LegalCrystal Citation
SubjectMedia and Communication;Contempt of Court
CourtSupreme Court of India
Decided On
Case NumberCriminal Appeal No. 412 of 1976
Judge
Reported inAIR1977SC639; (1977)1SCC741
ActsContempt of Courts Act, 1971 - Sections 15(1)
AppellantU.N.R. Rao
RespondentM. Shanmugavel
Excerpt:
contempt of court - complain by private party - section 15 (1) of contempt of courts act, 1971 - high court competent to take action on motion made by advocate-general - high court also competent to take action on motion made by any other person with consent in writing of advocate general - high court erred in rejecting application for contempt made by private person after obtaining written consent of advocate general - matter remanded to high court for decision according to law. - - the application was moved by the appellant after obtaining the consent of the advocate-general under clause (b) of sub-section (1) of section 15 of the act and it was, therefore, clearly maintainable......the application on the ground that the high court would not be inclined to take notice of a contempt application filed by a private party and the appellant might if so advised, approach the advocate-general who might, if he thinks fit, file a petition for contempt of court. this was patently an erroneous order since under section 15, sub-section (1) it is competent to the high court to take action for contempt of court not only on a motion being made by the advocate-general but also on a motion made by any other person with the consent in writing of' the advocate-general. here, the appellant had obtained the consent in writing of the advocate-genl. before filing the application for contempt and the application was, therefore, competent and maintainable. the high court was in error.....
Judgment:

P.N. Bhagwati, J.

1. This appeal under Section 15(1)(b) of the Contempt of Courts Act 1971 is directed against an order passed by the High Court of Madras rejecting an application for taking action for contempt of Court against the respondent. The application was moved by the appellant after obtaining the consent of the Advocate-General under Clause (b) of Sub-section (1) of Section 15 of the Act and it was, therefore, clearly maintainable.
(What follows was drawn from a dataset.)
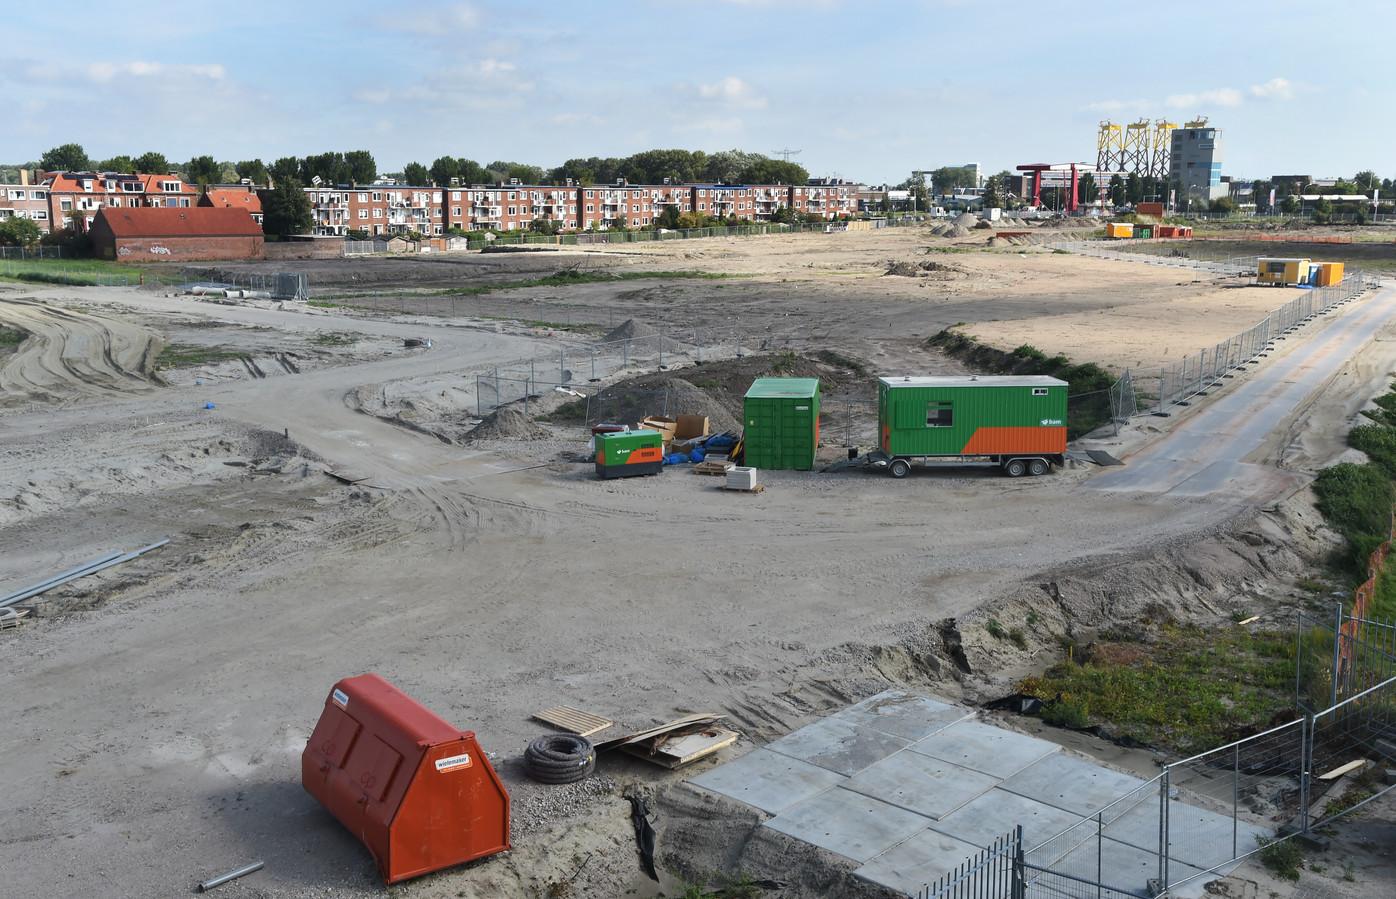 Het terrein van de Scheldewijk dat bouwrijp wordt gemaakt. De radio-actieve slak werd bij de flats aan de Paul Krugerstraat (op de achtergrond) gevonden.

But the High Court being presumably unaware of the fact that the consent of the Advocate-General had been obtained under Clause (b) of Sub-section (1) of Section 15 of the Act, rejected the application on the ground that the High Court would not be inclined to take notice of a contempt application filed by a private party and the appellant might if so advised, approach the Advocate-General who might, if he thinks fit, file a petition for contempt of court. This was patently an erroneous order since under Section 15, Sub-section (1) it is competent to the High Court to take action for contempt of Court not only on a motion being made by the Advocate-General but also on a motion made by any other person with the consent in writing of' the Advocate-General. Here, the appellant had obtained the consent in writing of the Advocate-Genl. before filing the application for contempt and the application was, therefore, competent and maintainable. The High Court was in error in refusing to take notice of the application for contempt preferred by the appellant on the ground that the appellant was a private party and the Advocate-General alone could maintain such an application. We accordingly allow the appeal and set aside the order made by the High Court rejecting the application for contempt. The matter will go back to the High Court so that the High Court can dispose of the application according to law. In view of the peculiar circumstances of the case there will be no order as to costs.